1

Sorry if this question was already asked - will be happy to remove this one,

I have a numerical vector of clinical data to analyse and due to various reasons this vector contains 2 types of values: 10 (exact integer number) if the value in a current patient was normal and continuous values <9 or >11 if not (say, 8.7 or 11.9). How should I treat such vector in a regression approach (want to use it as a predictor)? I was thinking about adding random noise to make values more "uniform", but then it is not clear how to do so.

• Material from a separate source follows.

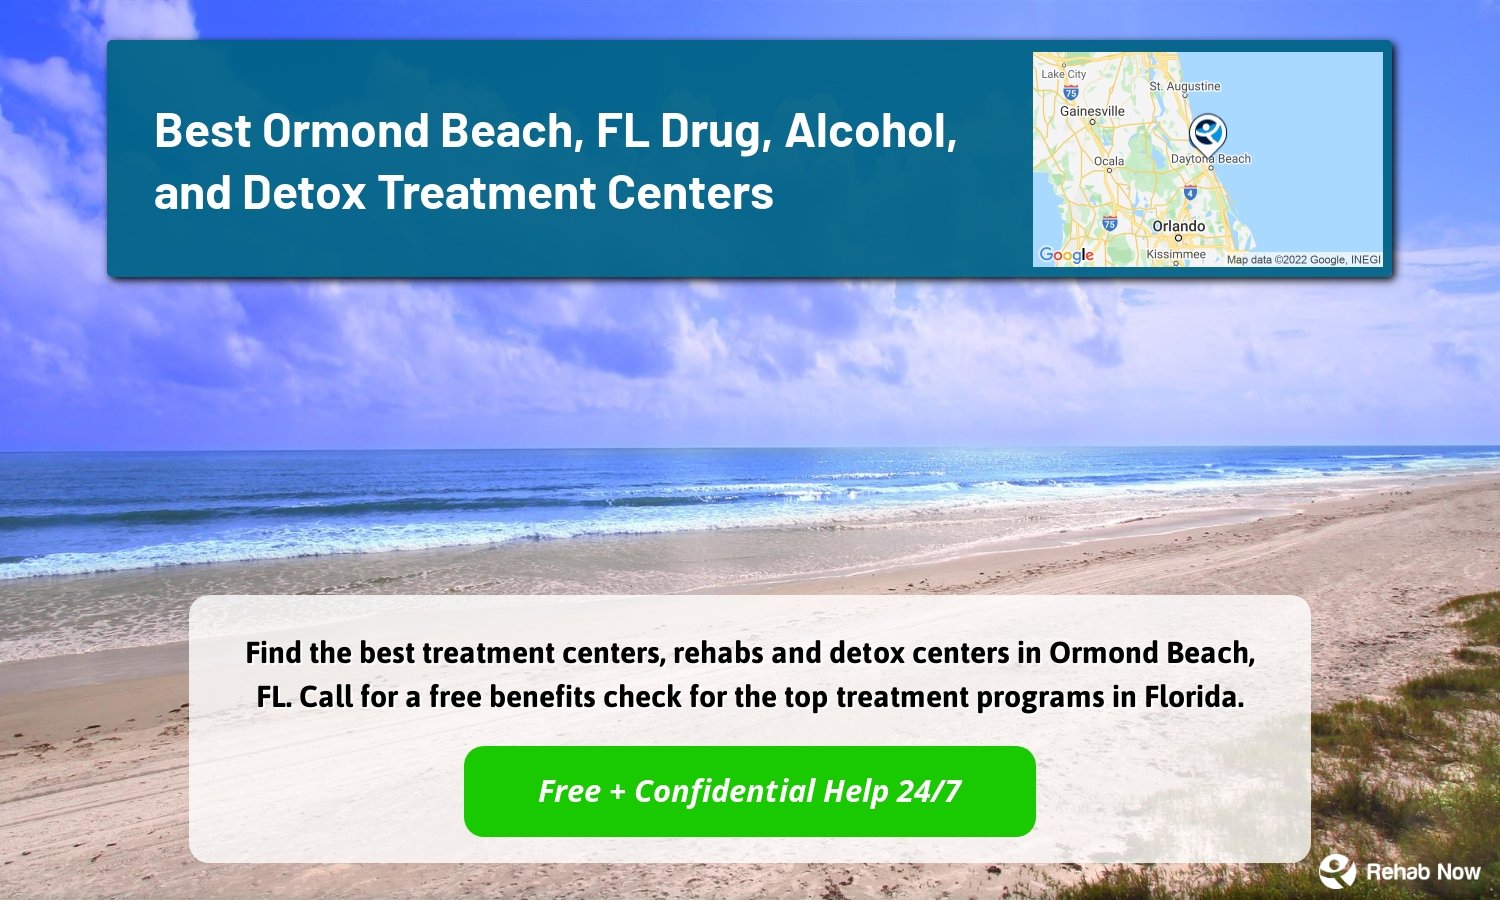 Find the best treatment centers, rehabs and detox centers in Ormond Beach, FL. Call for a free benefits check for the top treatment programs in Florida.

Want to clarify: integer number of 10 totally makes sense, these is "number of events in the population of cells", if all the cells are normal, we will get exactly 10, but it may happen that say 62% of cells contain 8 events and 21% contain 9 events (the rest is normal and contain 10 events) - this continuous values are just average across 100% of the cells. Values are truncated at 9 and 11 because of the limitation of the measurement method - but the values are already truncated and it is not possible to recover the "noisy" measurement.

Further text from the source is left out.